Directions: Restate the listing that follows word for word, without its pictures.

Provided data:
________________________

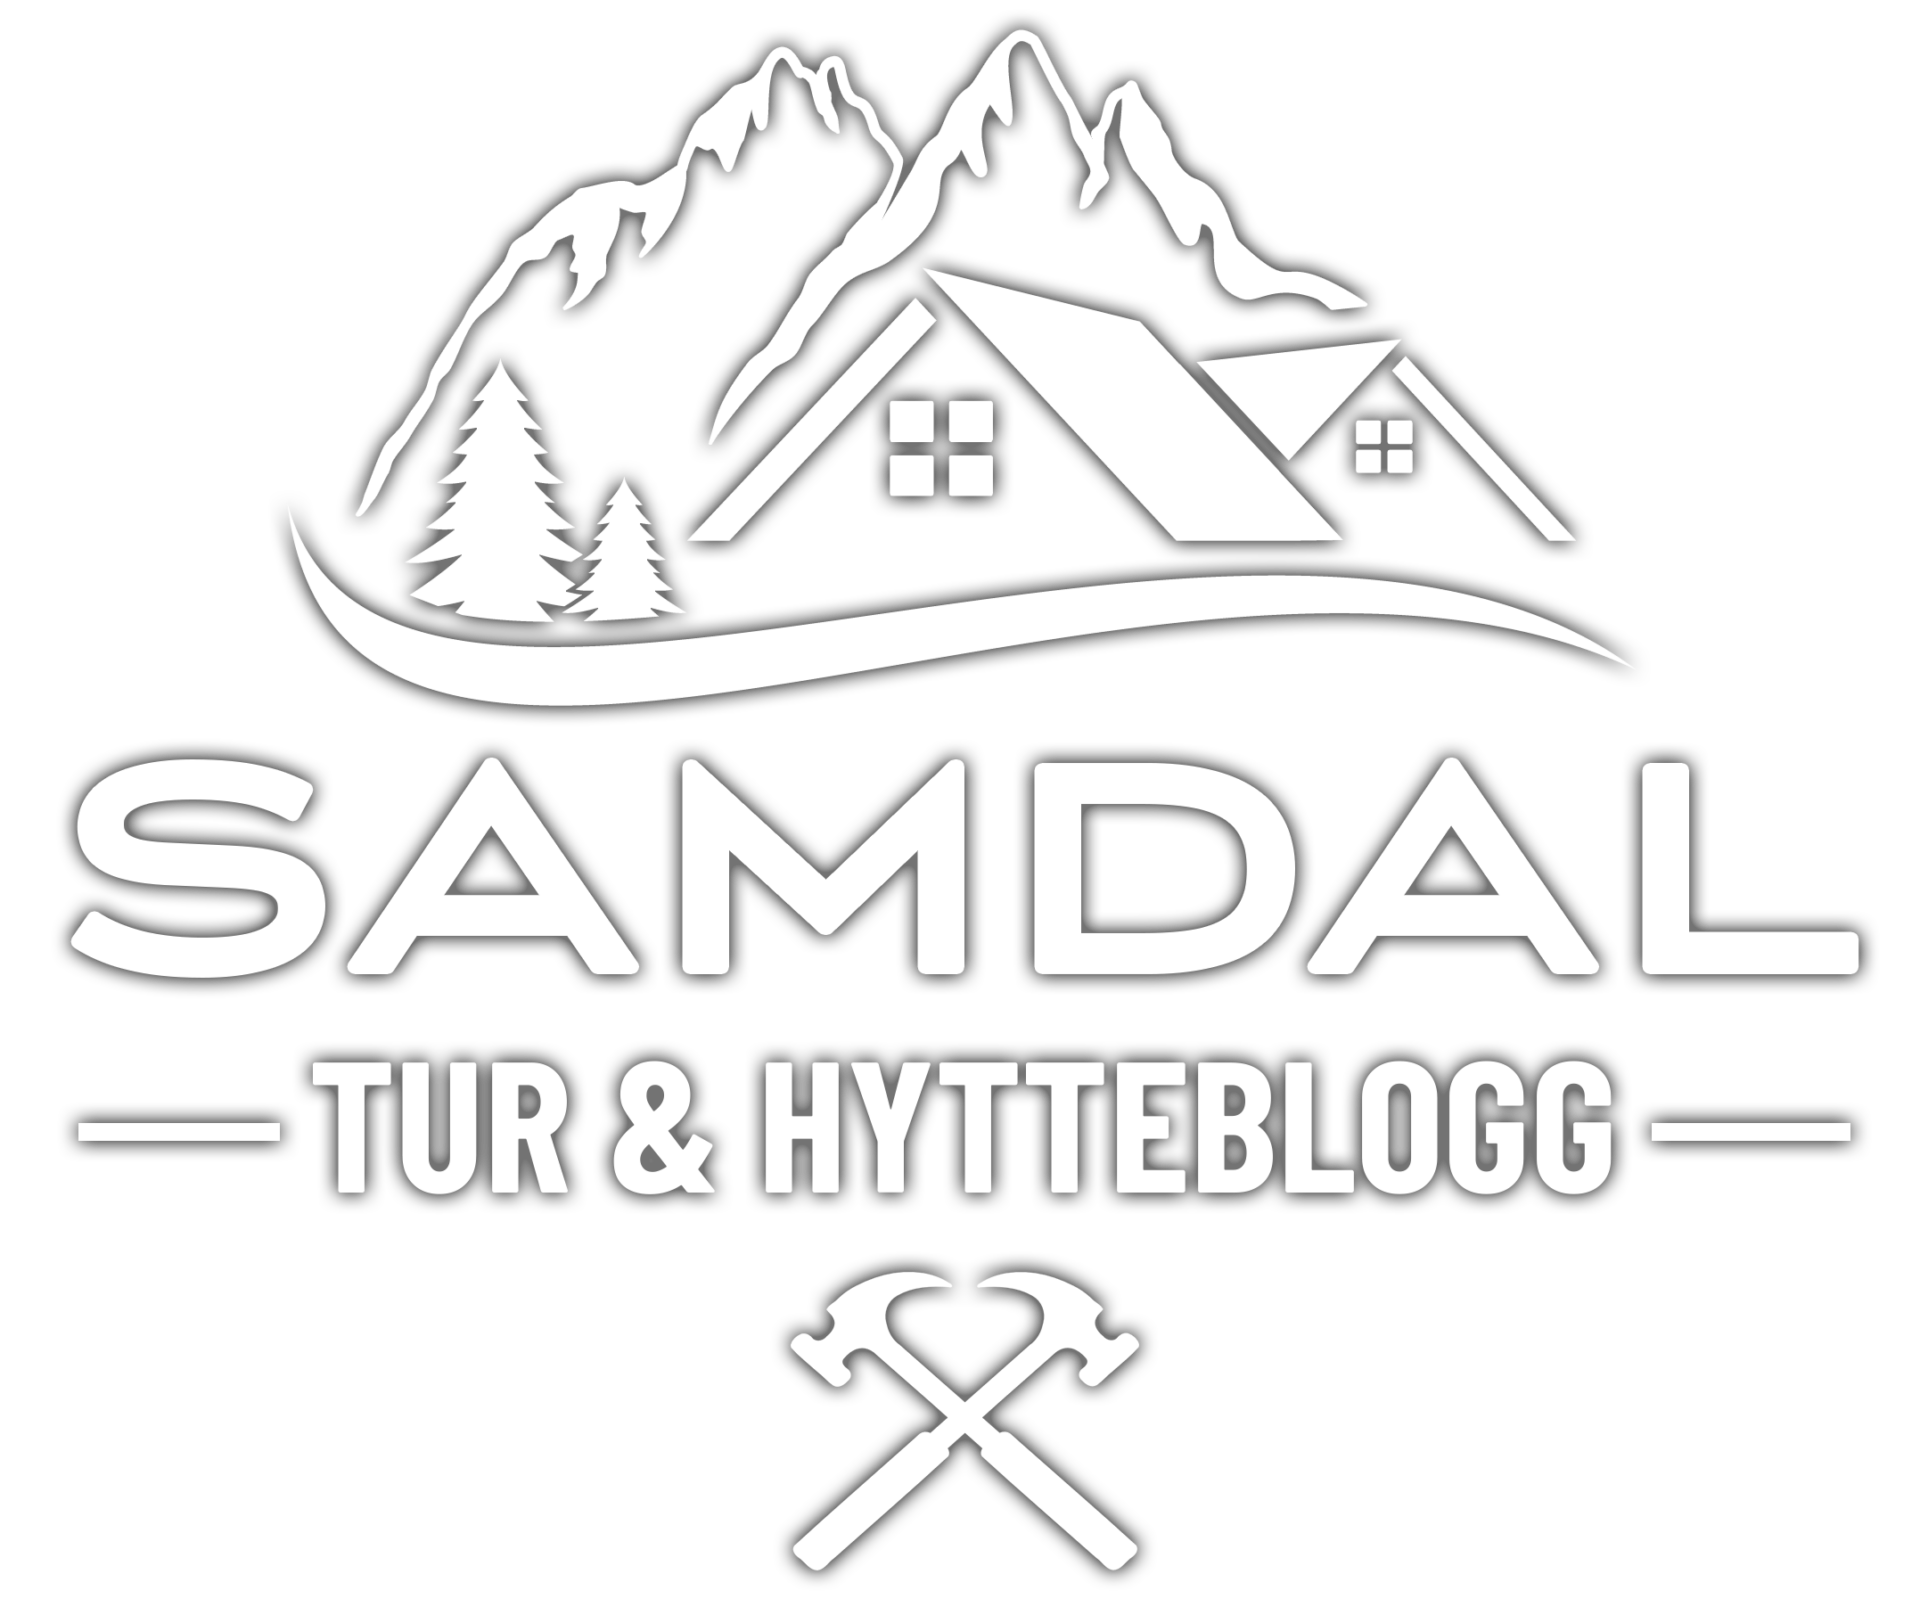 Roger Samdal – Tur & Hytteblogg
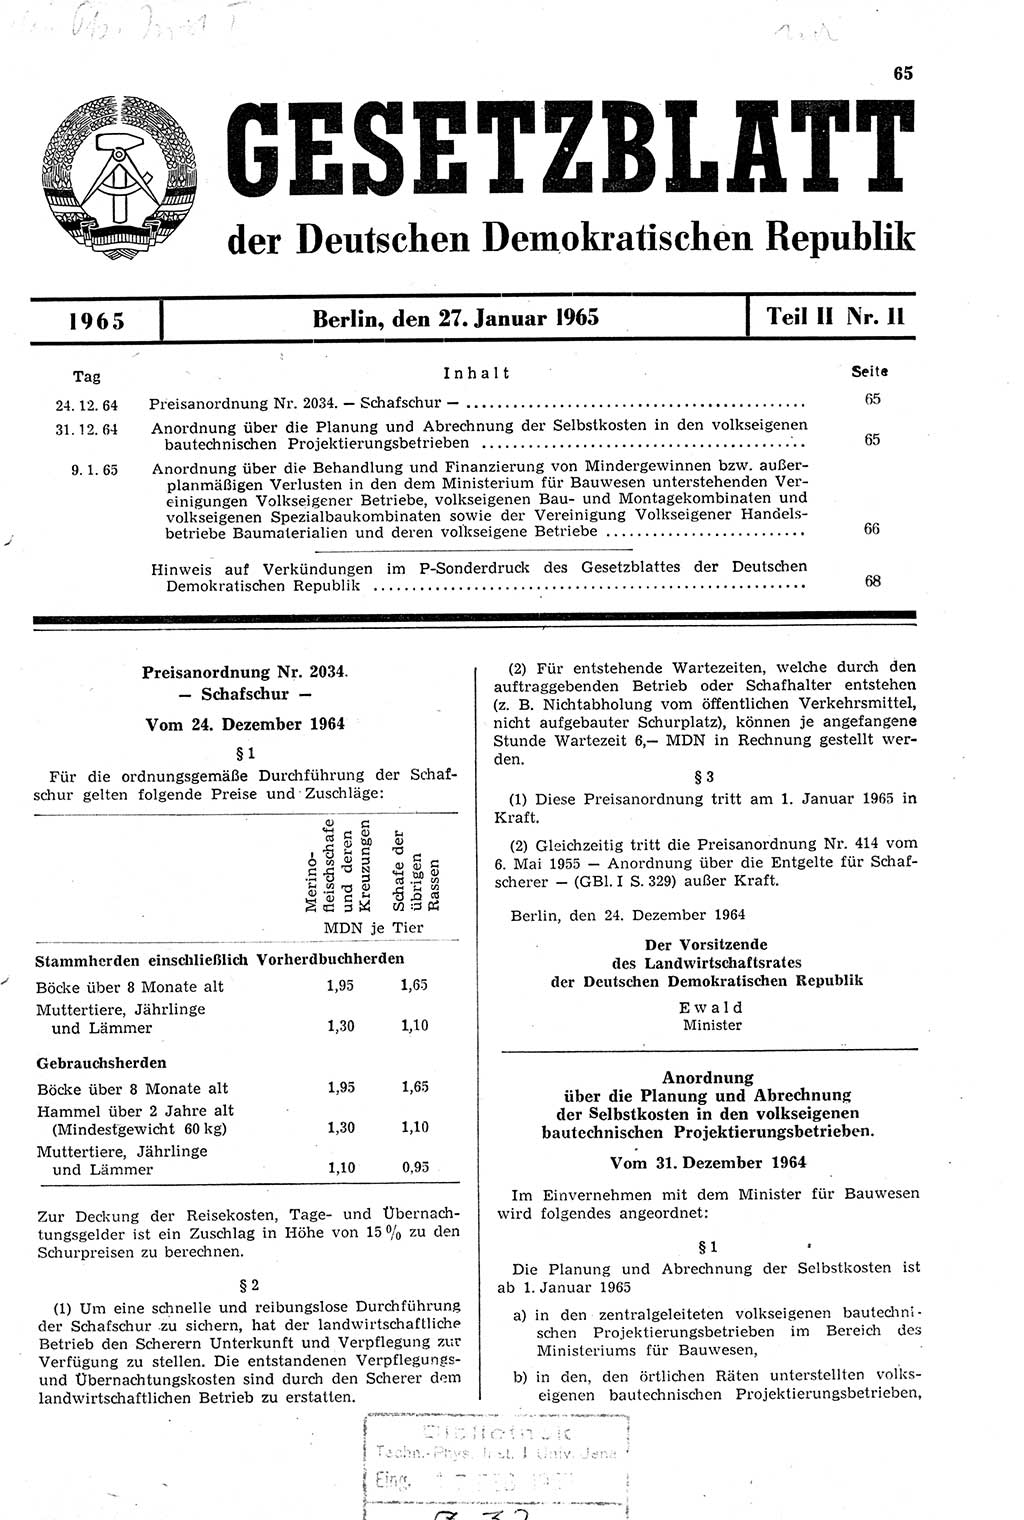 Gesetzblatt (GBl.) der Deutschen Demokratischen Republik (DDR) Teil ⅠⅠ 1965, Seite 65 (GBl. DDR ⅠⅠ 1965, S. 65)
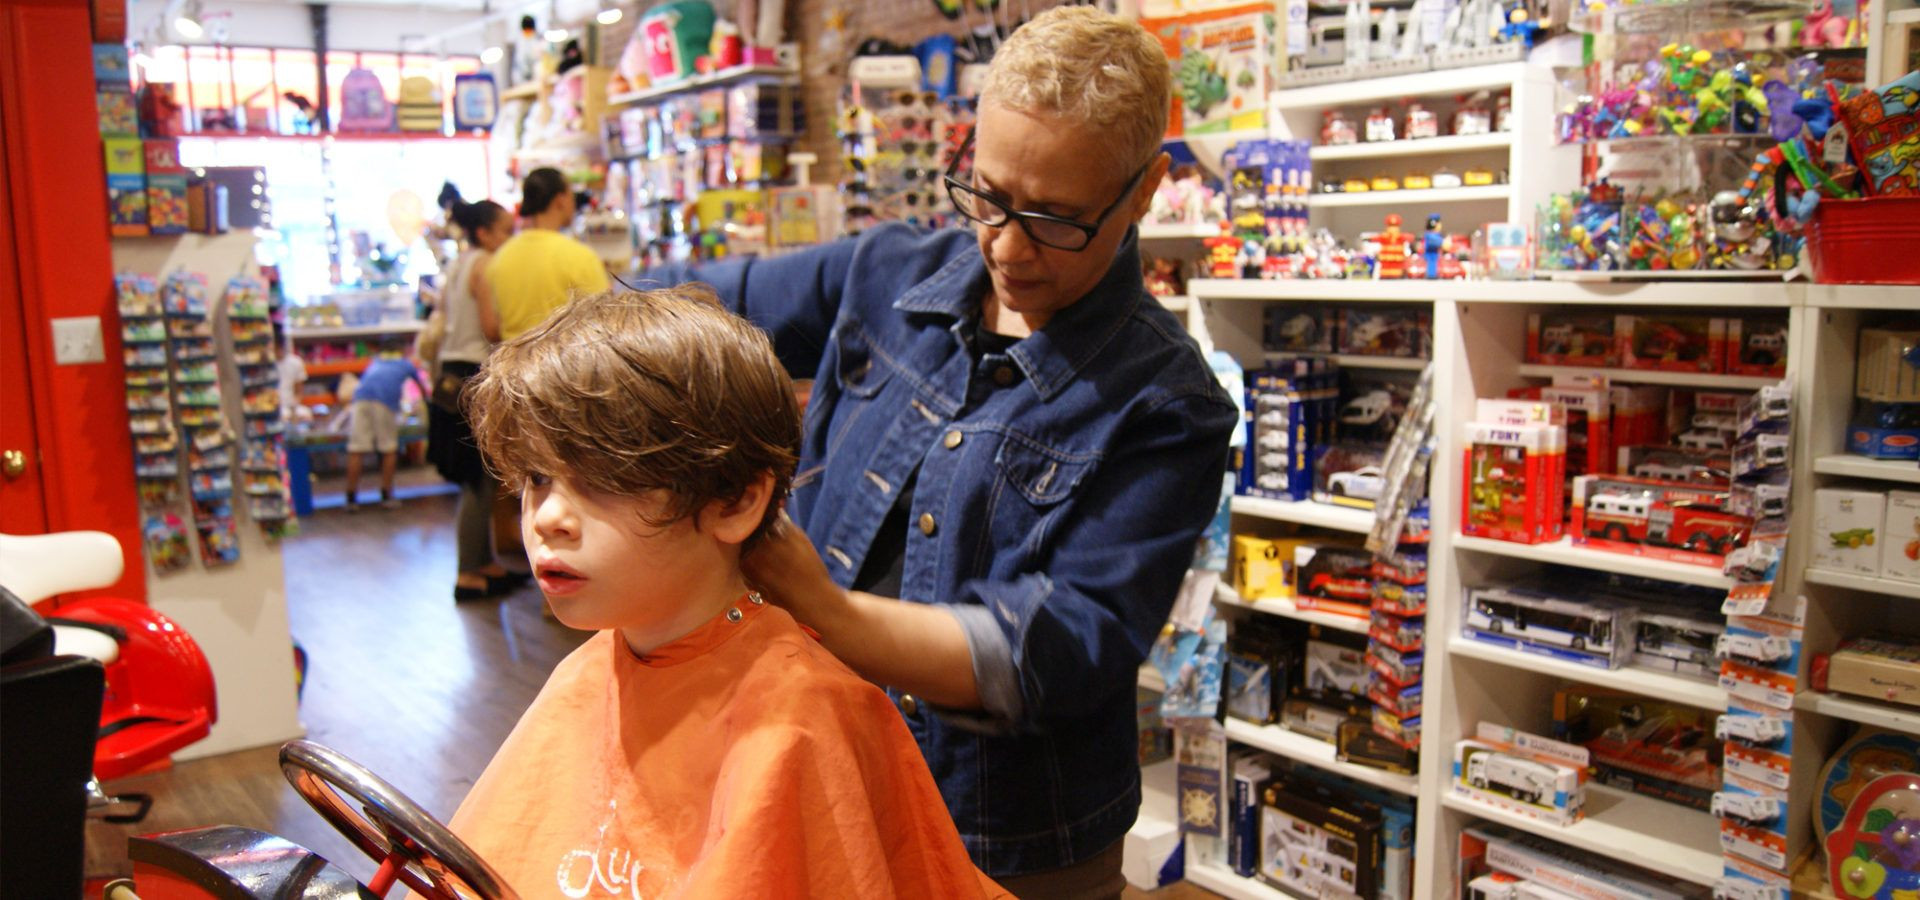 Kids Hair Salon Nyc
 Pin on Kids

________________________

Answer to the exercise:
 Roger Samdal – Tur & Hytteblogg
 Gesetzblatt (GBl.) der Deutschen Demokratischen Republik (DDR) Teil ⅠⅠ 1965, Seite 65 (GBl. DDR ⅠⅠ 1965, S. 65)
 Kids Hair Salon Nyc
 Pin on Kids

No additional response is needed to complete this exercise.